INSTRUCTIONS TO FOLLOW -
Repeat the listing below in full and exactly, but without its pictures.
Segment Start: DATA SEGMENT
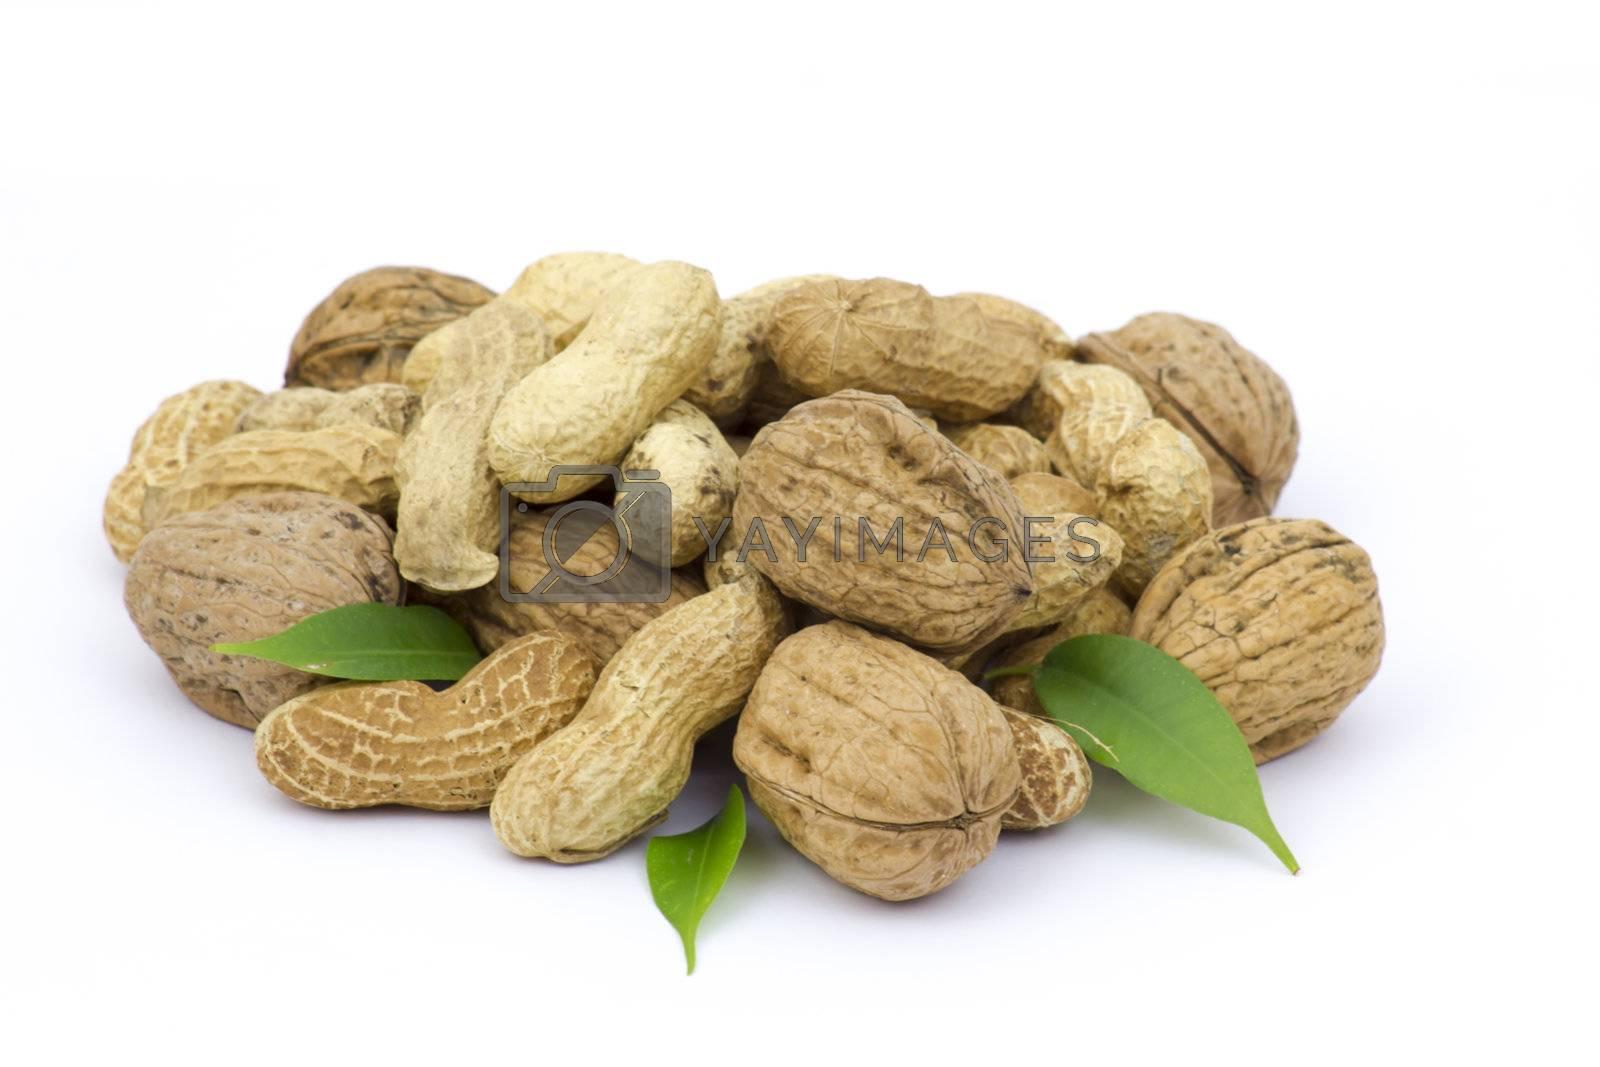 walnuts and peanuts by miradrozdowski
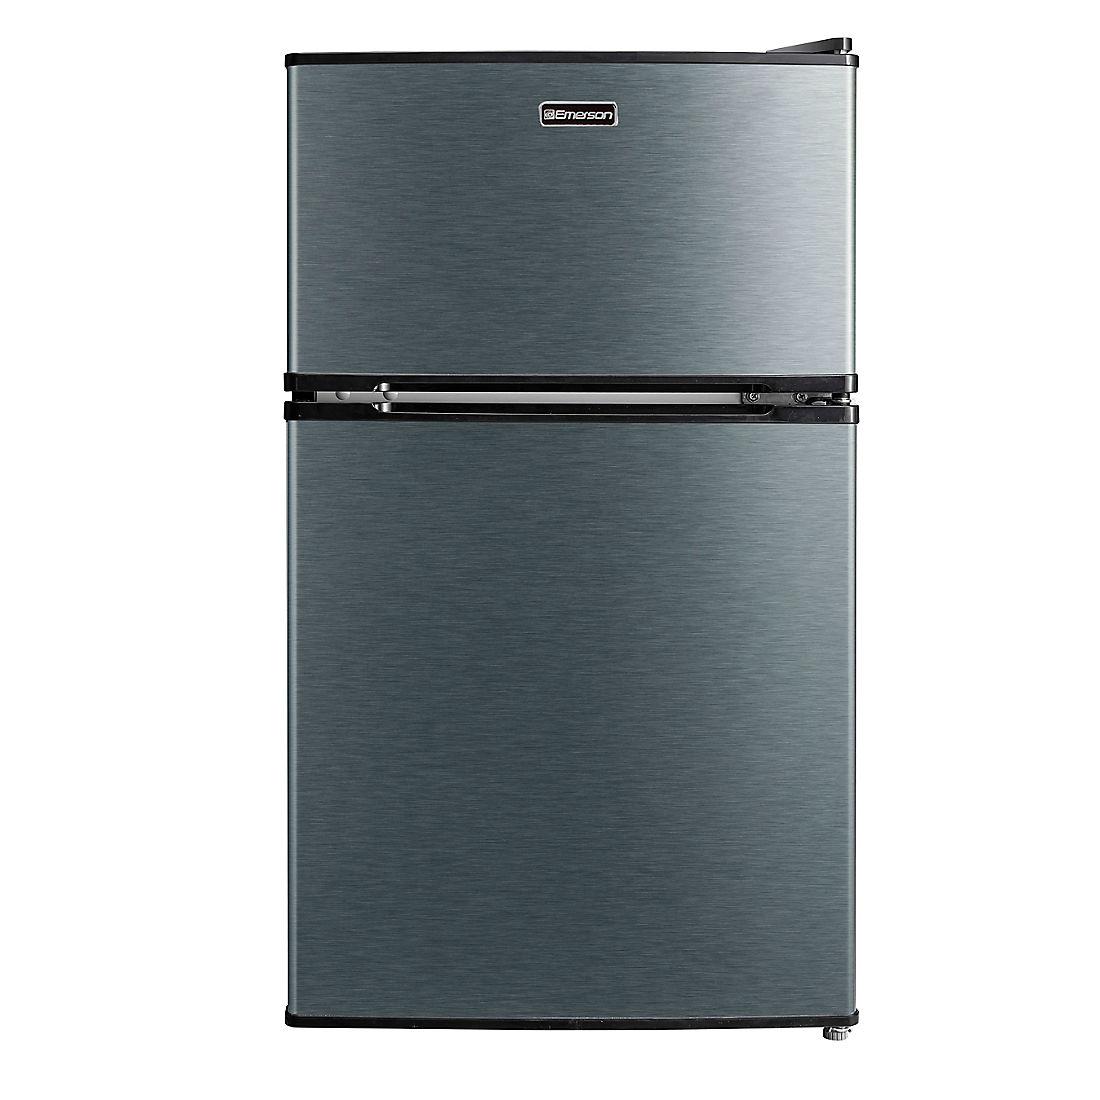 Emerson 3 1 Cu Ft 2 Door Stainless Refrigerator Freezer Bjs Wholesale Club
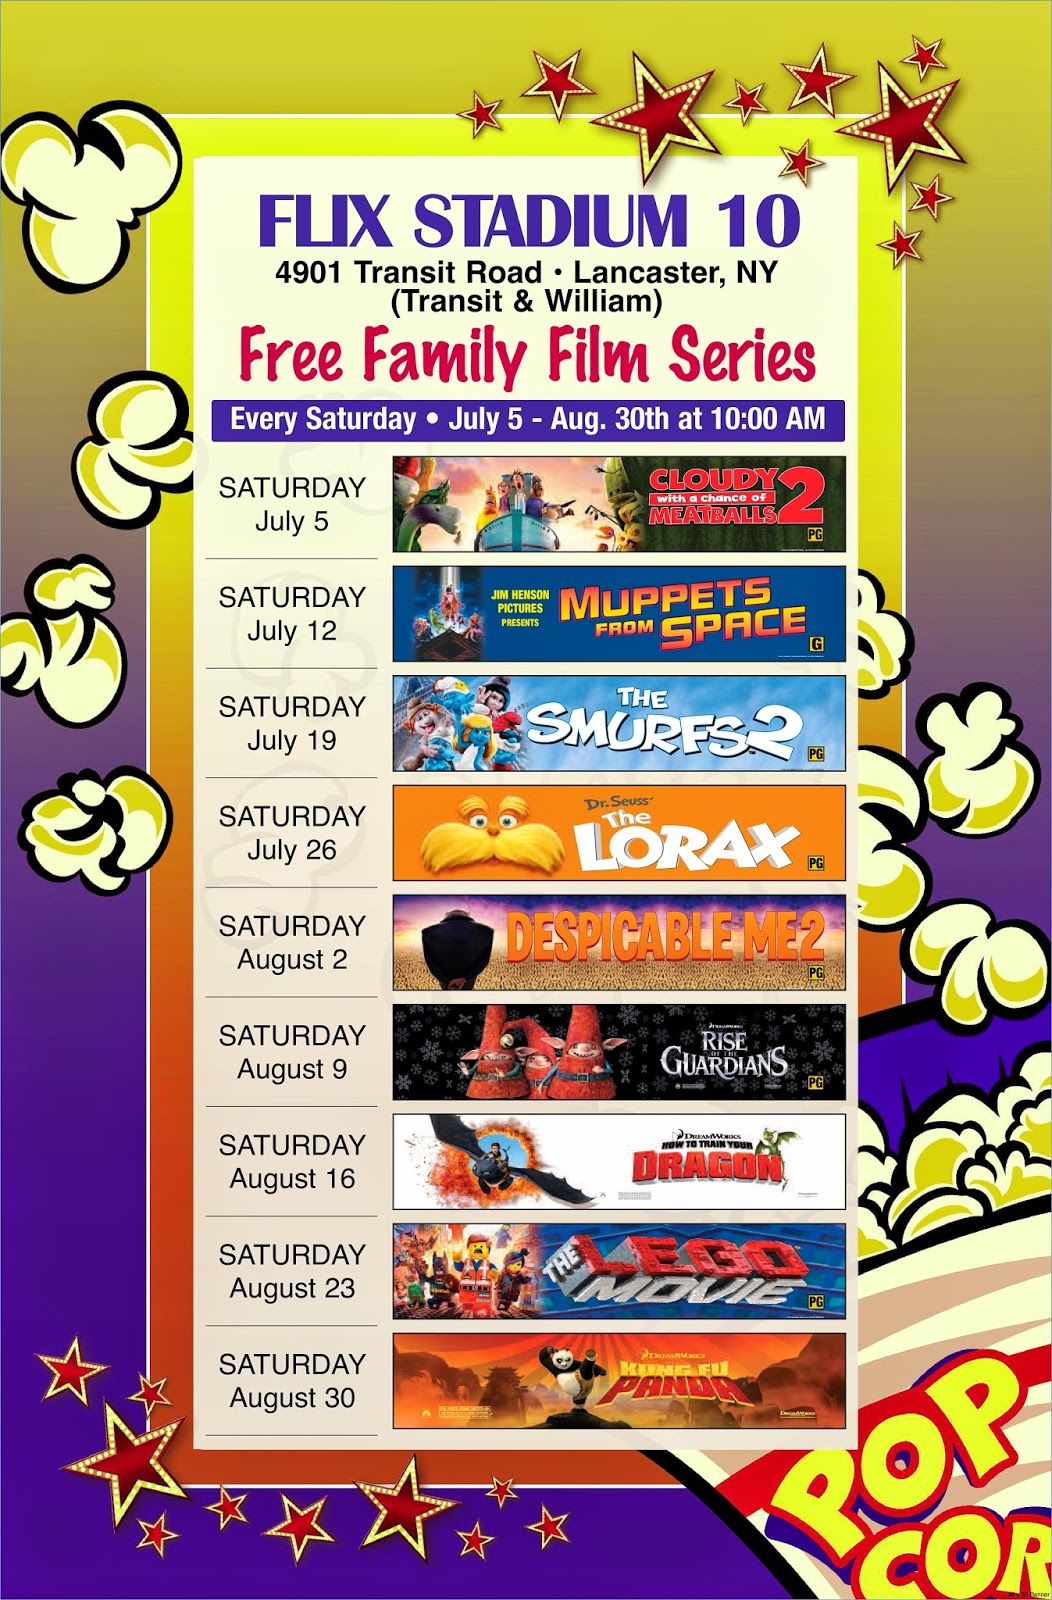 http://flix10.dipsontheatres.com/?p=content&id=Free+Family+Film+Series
Segment End: DATA SEGMENT
EXPECTED ANSWER -
 walnuts and peanuts by miradrozdowski
 Emerson 3 1 Cu Ft 2 Door Stainless Refrigerator Freezer Bjs Wholesale Club
 http://flix10.dipsontheatres.com/?p=content&id=Free+Family+Film+Series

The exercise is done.